Over the past year, integrations across the Python data ecosystem unlocked a cohesive vision for the composable Python analytics stack. In this talk, we will begin with a brief overview of the modern data stack, what it offers, and why the idea became so prevalent in data engineering. This will provide a baseline for the capabilities that a useful analytics stack should have.

Next, we will introduce Ibis, the data processing workhorse of the Python analytics stack. Ibis is a portable Python dataframe library that supports 20+ execution backends, from local computing engines like Polars and DuckDB to distributed cloud data warehouses like Snowflake and BigQuery. Crucially, its deferred execution model makes it perfect for large-scale in-database data transformation, much like SQL. While we won't weigh in on the never-ending Python versus SQL debate (SQL is prevalent and effective and benefits from a mature data engineering tooling ecosystem), we will cover a few relevant advantages of using Python and specifically Ibis, including portability and suitability for other (e.g. data science, machine learning, and AI) workloads.

Then, we will present two key components of the emerging stack: Kedro as the core transformation framework and Pandera for data validation. In both cases, we will highlight how Ibis extends the capabilities of the existing, established tool.

Kedro gained popularity as a framework for authoring production-ready data science pipelines. While it has also been used by data engineers since its inception, most data engineering use cases were Spark-based or small data. However, integrating Ibis enabled building data engineering pipelines that scale. Furthermore, it complemented Kedro's concept of dev/prod parity; the exact same code could now be tested locally and deployed in production with just a difference in configuration. We'll demonstrate a Kedro port of the Jaffle Shop project as an example pipeline leveraging the Ibis integration. (The Jaffle Shop is the canonical dbt starter project.)

Pandera is a lightweight Python data validation library. It already supported a variety of dataframe backends, including pandas, PySpark, and, most recently, Polars. By adding support for Ibis, we extended Pandera's flexible and expressive data testing API to execute natively on the database. We'll show what this looks like by adding validation to our Jaffle Shop pipeline.

Finally, we will step back and look at the remaining pieces of the composable analytics stack. We will fill out the picture with Python-native recommendations for ingestion (dlt) and orchestration (Dagster). We will also be transparent about some of the current gaps compared to the more established SQL-first approach and ongoing work to address them.

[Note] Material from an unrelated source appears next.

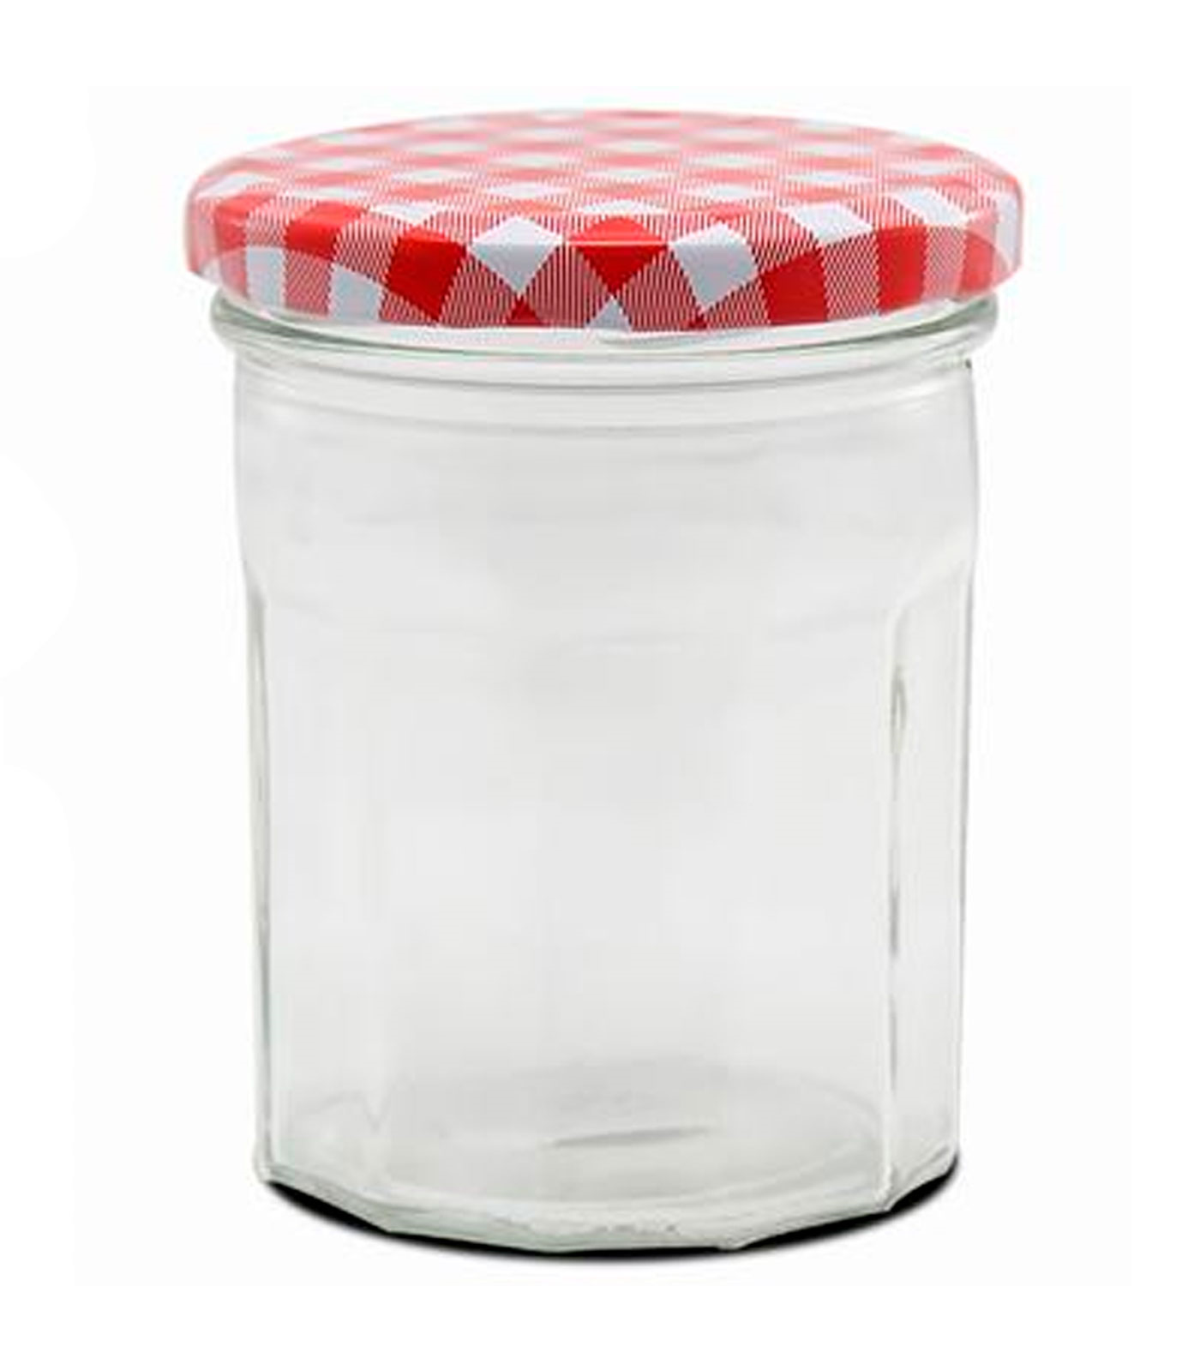  Tarro de vidrio con botón de escape de aire, tapa segura, juego  de 2 recipientes para encimera de cocina, tarro de conservas para fermentar  alimentos secos, tarros de cocina para mostrador (

Attendees don't need previous experience with the modern data stack or any of the aforementioned technologies; those who already understand some of the usual limitations of using Python for data engineering workflows will benefit from learning how they can overcome these challenges, while others less familiar will be introduced to popular frameworks like Ibis, Kedro, and Pandera that they can explore and start to use in their day-to-day work or side projects.

Deepyaman is a software engineer at Dagster Labs. He joined from Voltron Data, where he was a Senior Staff Software Engineer on the Ibis team. Before their acquisition by Voltron Data, he was a Founding Machine Learning Engineer at Claypot AI, working on their real-time feature engineering platform. Prior to that, he led data engineering teams and asset development across a range of industries at QuantumBlack, AI by McKinsey.

Deepyaman is passionate about building and contributing to the broader open-source data ecosystem. Outside of his day job, he helps maintain Kedro, an open-source Python framework for building production-ready data science pipelines.